Is it possible to create interactive media where some of the participants (maybe providers of content or interaction) are motivated primarily by economic income (or a combination of the holistic benefits and income)? What are the examples out there already in cyberspace? The examples that come to my mind seem very limited in participation, e.g. live nude chat, typing job, creative job such as graphic arts or writing. Are there any music distribution sites where the providers of content are being paid by the consumers of content? Isn't it so competitive to get your music heard, that you must not charge for it?

Can anyone comment?

There are many people who create content for YouTube with the primary goal of income generation (through advertising revenue share) and countless other examples. In many cases the platform owner (in this case Google/YouTube) captures the lions share of the profits. Micro transactions (tipping income instead of ads) could help provide more income for the content generators in such situations assuming the infrastructure was built to easier facilitate it. Users would benefit (from voluntary tipping) by not being forced to watch as many advertisements.

You might not be aware that I also proposed this idea in my vaporcoin thread.

Please read again the links I provided upthread on why the cognitive/effort load of paying in small morsels is hated by humans.

I am believing in the concept that content producers want to earn an income. I am not believing in the concept that users want a pay-per-view model for enjoying videos. It appears to me that Google is experimenting with just how frequently they can push ads on viewers without causing attrition. I agree the ads are annoying, but I don't think that per-per-view is going to work for an activity that people simply want to enjoy. Even if you asked people to knowingly pay $5 a month a month to avoid ads, I think they would not bother to switch from Youtube. Google would moderate the ads sufficiently so that the incentive to switch would be diminished.

I think rather the incentive is on the content provider side as you said, Google is taking the lions share of the revenue, but also bear in mind they have the lions share of the web traffic.

Again a chicken-and-egg dilemma and additionally the problem that users won't pay-per-view. I think I may know how to solve the latter issue, but the former issue is very challenging to conquer.
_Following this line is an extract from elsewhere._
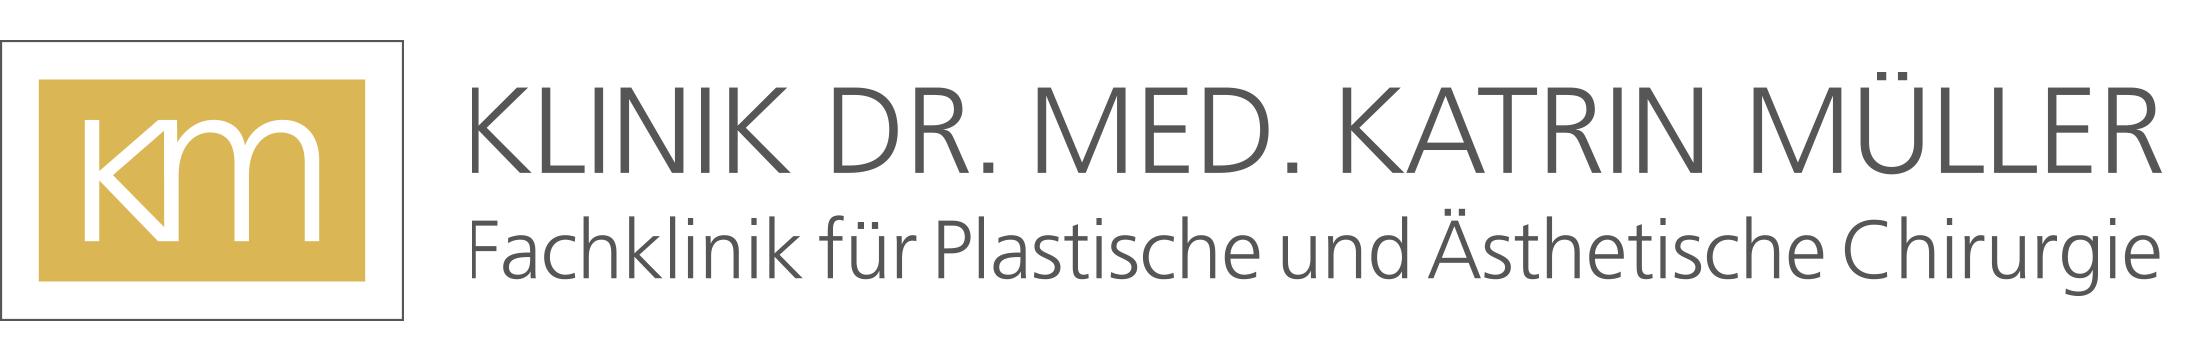 MiraDry Institut Hannover

Even if you assume users will agree to have their microtransaction balance automatically deducted some microcents for each video viewed, you still have the initial problem of how to distribute the currency into their hands in the first place. If they have to go buy it on an exchange, that kills adoption right there. Even if you could sell the coin for credit card or Paypal, it still would cause a huge attrition rate.

A third problem is that the value users are willing to transfer for watching a video may be much less than the advertising revenue that could be generated. Typically afaik ~$10 CPM, that is 1 cents per video viewed for each ad on the page.

Are you going to pay $1 for each 10 - 100 videos you view so there will be no ads on the page?

The video ads are the most disruptive (unlike banner ads) but they also probably pay a much higher CPM. I haven't researched that though.

Edit: also ideally you would feel better if you only have to pay once and can own viewing rights to that video forever. And you would feel better to pay for what you know in advance will be quality content. A potential difference between YouTube and music, is if you could trial music for negligible cost then you may pay more when you are sure you want to own the song for unlimited future listening. Whereas, for video we typically watch most videos only once. Music doesn't require our total attention, so it can coexist with doing other activities and thus can be replayed in more circumstances. Video demands our complete attention which is perhaps why advertising is more lucrative for videos (I am assuming, not sure  about that).